I was in Alabama last year. I walked into a store and noticed a couple kissing each other, and I said, "Excuse me, where is the bathroom?" The man said, "Right over there." I went into the bathroom and then heard the girl say, "Dad, I have to go to school soon."
Name something you practiced kissing on as a kid.
Sister. SWEET HOME ALABAMA!
What does your mum and Istanbul have in common?
They are all insane comebacks!!!
I got a pen for my baby sister. Best trade I made so far.
Are you Wi-Fi? Because I think I am finding a connection.
I was talking to my friend, and he said, "I lost my virginity to a girl, and then she stopped coming to school." And I said, "Probably because she was fired."
A proud new dad sits down with his own father.
His father says, "Son, you now have a child of your own, so I think it's time I gave you this." And so, he pulls out a book: 1001 Dad Jokes.
The young man says, "Dad, I'm honored," as tears well up in his eyes.
His father says, "Hi, Honored, I'm Dad."
Boy: "My girlfriend didn't dump me, I dumped her..."
Off the nearby cliff.
Your hairline and my grandpa go way back.
I hooked up with the groom at my uncle's wedding.
Father: "That's great, son. Who is she?"
Son: "It's Tina, the neighbor's daughter."

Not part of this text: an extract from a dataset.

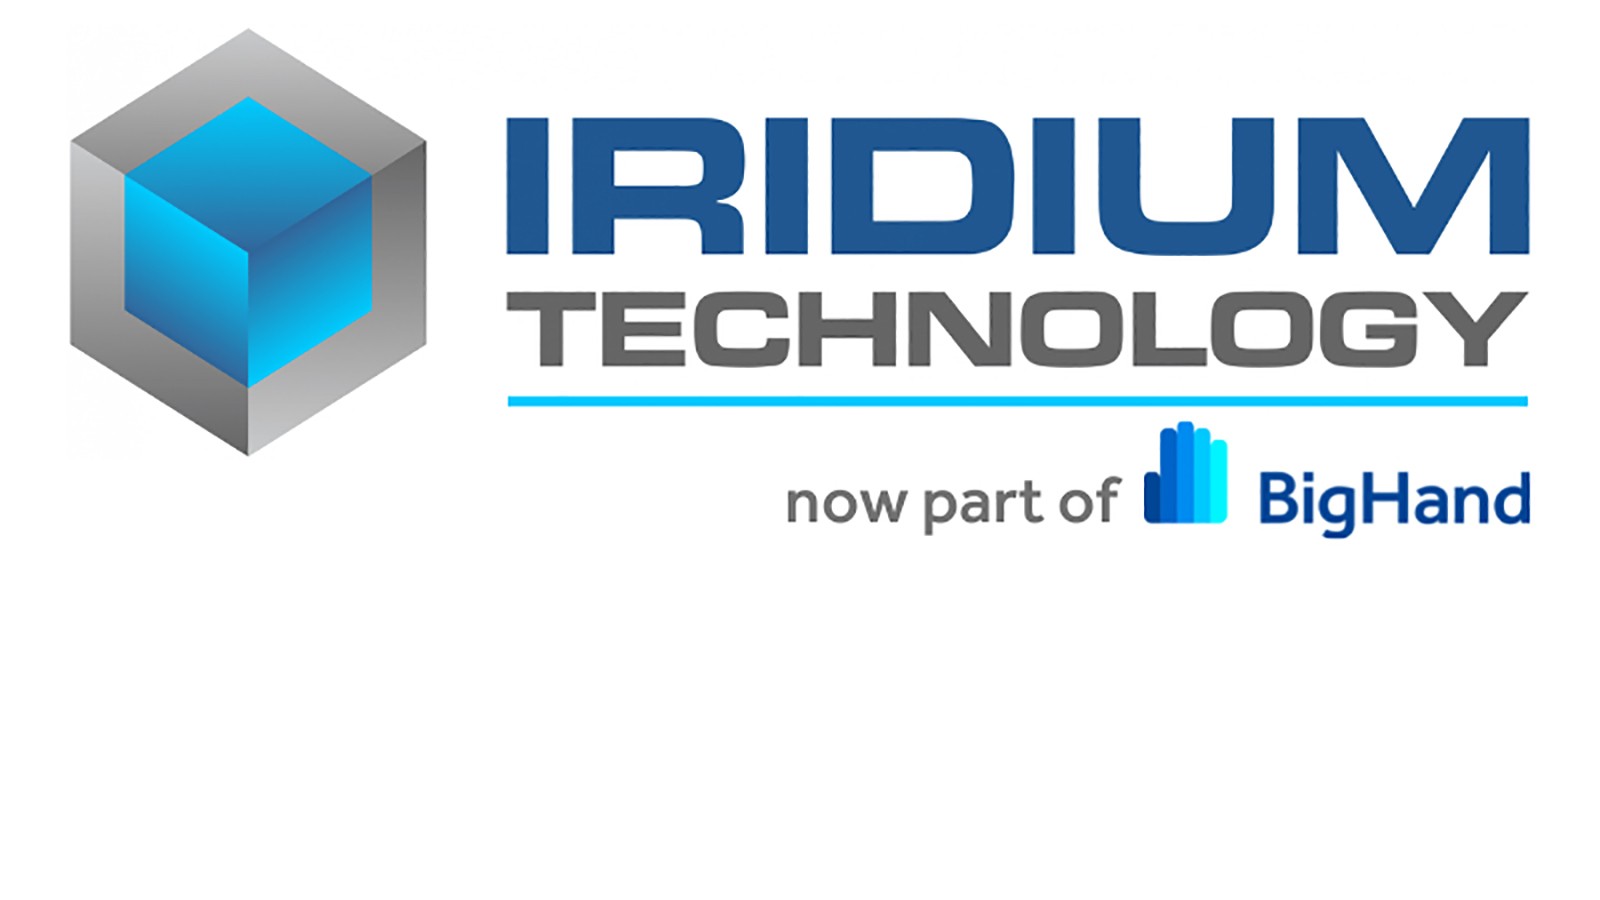 iridium technology

Father: "Ohhh, I wish you hadn't said that. I have to tell you something, son, but you must promise not to tell your mother. Tina is actually your sister."
The boy is naturally bummed out, but a couple of months later:
Son: "Daddy, I fell in love again, and she is even hotter!"

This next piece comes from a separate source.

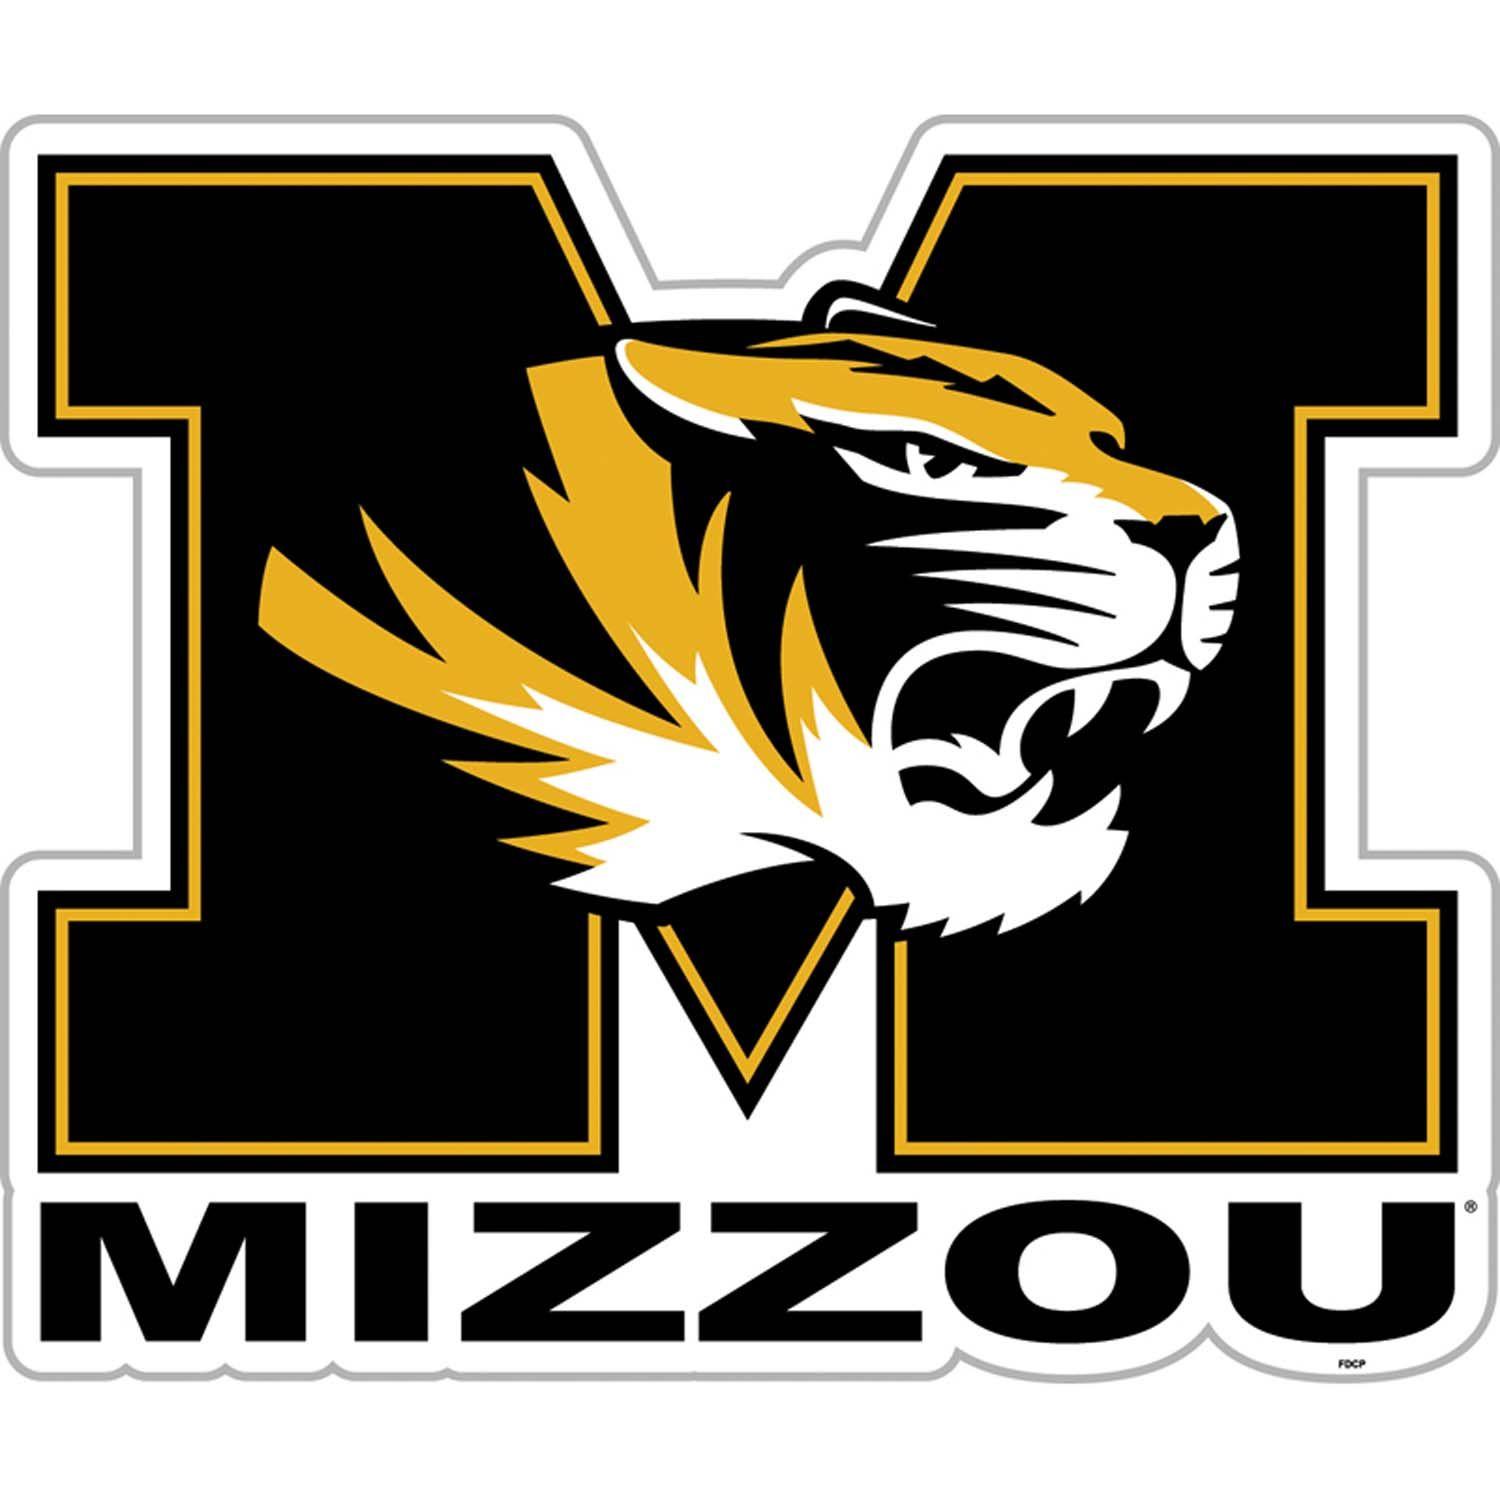 Mizzou Basketball Logo - University of Missouri (Mizzou)- Tigers | Thing that make me happy ...

Father: "That's great, son. Who is she?"
Son: "It's Peny, the other neighbor's daughter."
Father: "Ohhhh, I wish you hadn't said that. Peny is also your sister."

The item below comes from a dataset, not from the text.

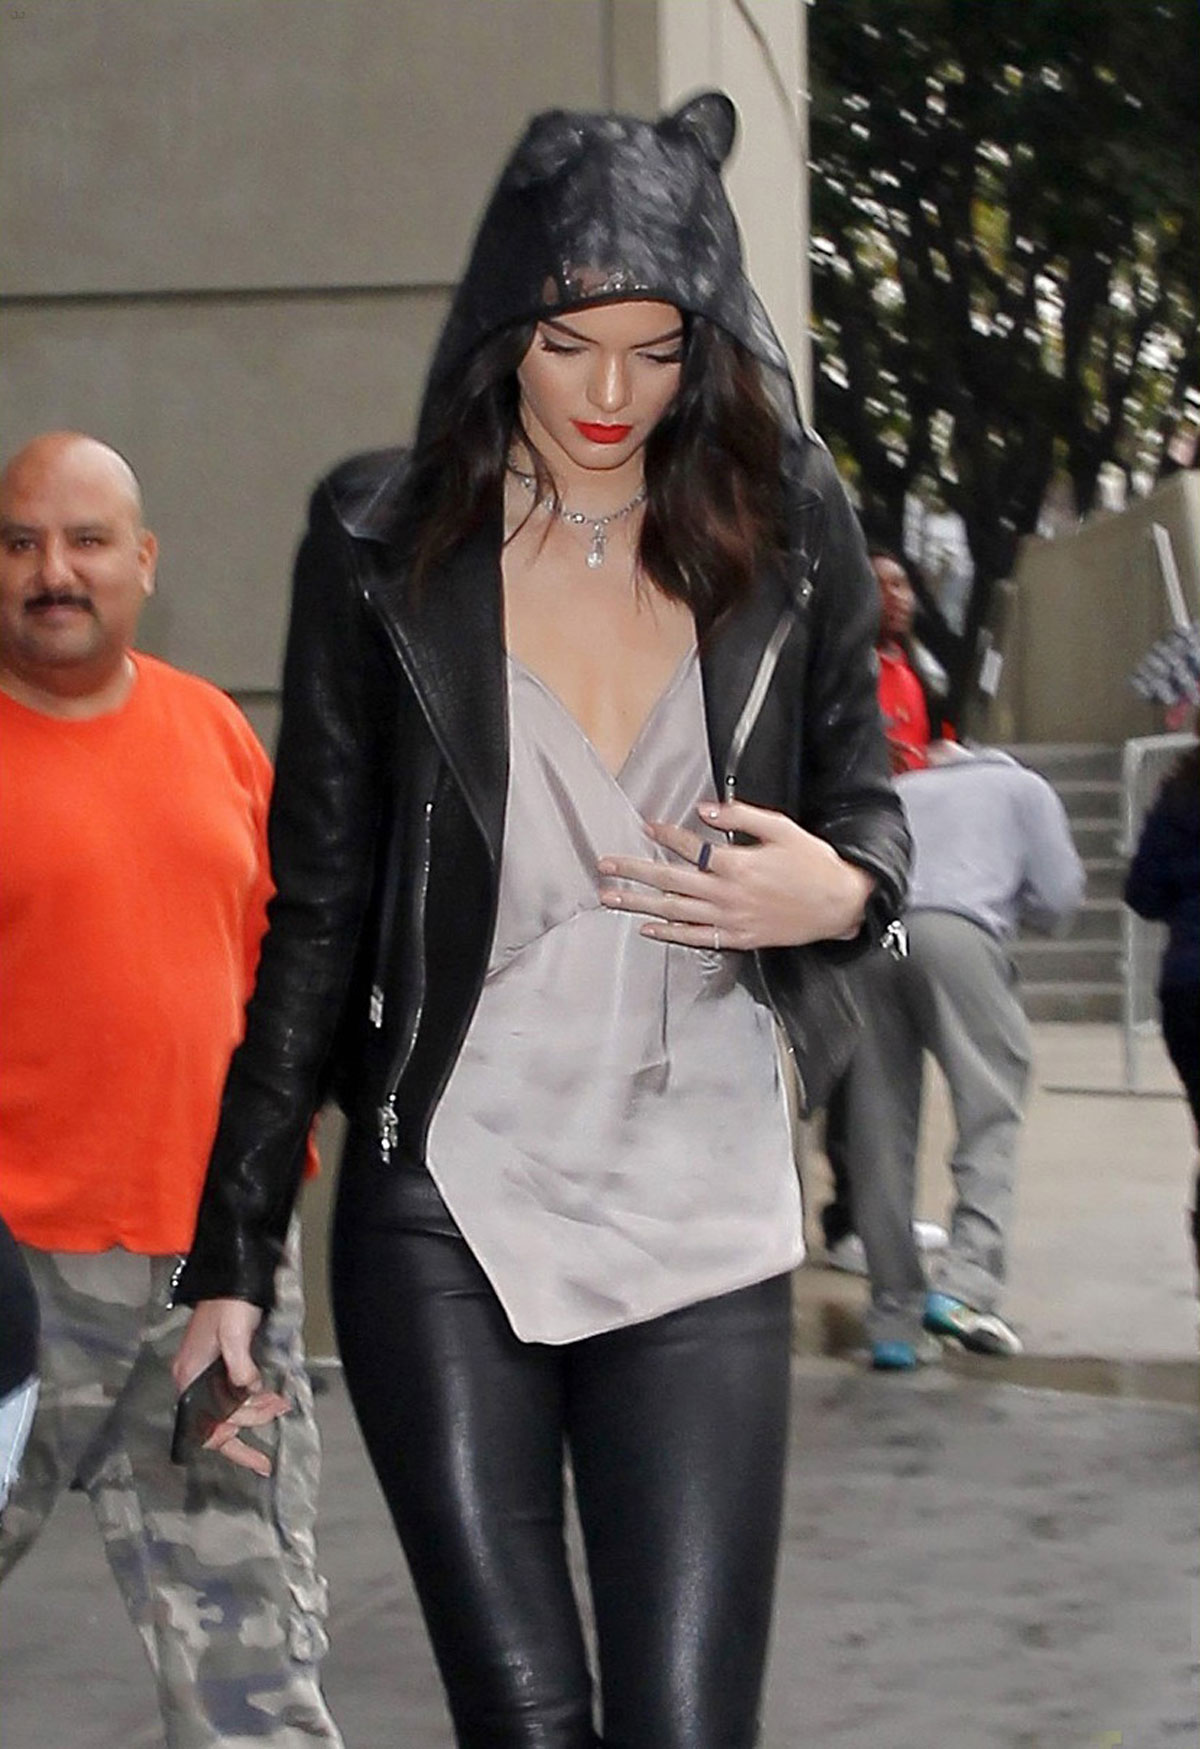 Kendall Jenner & Khloe Kardashian leave the Staples Center

This went on a couple of times, and the son was so mad, he went straight to his mother crying.
Son: "Mum, I am so mad at Dad! I fell in love with six girls, but I can't date any of them because Daddy is their father!"
The mother hugs him affectionately and says:
"My love, you can date whoever you want. Don't listen to him. He is not your father!"
My wife left me for an Indian guy. I know he's going to treat her well, I heard they worship cows.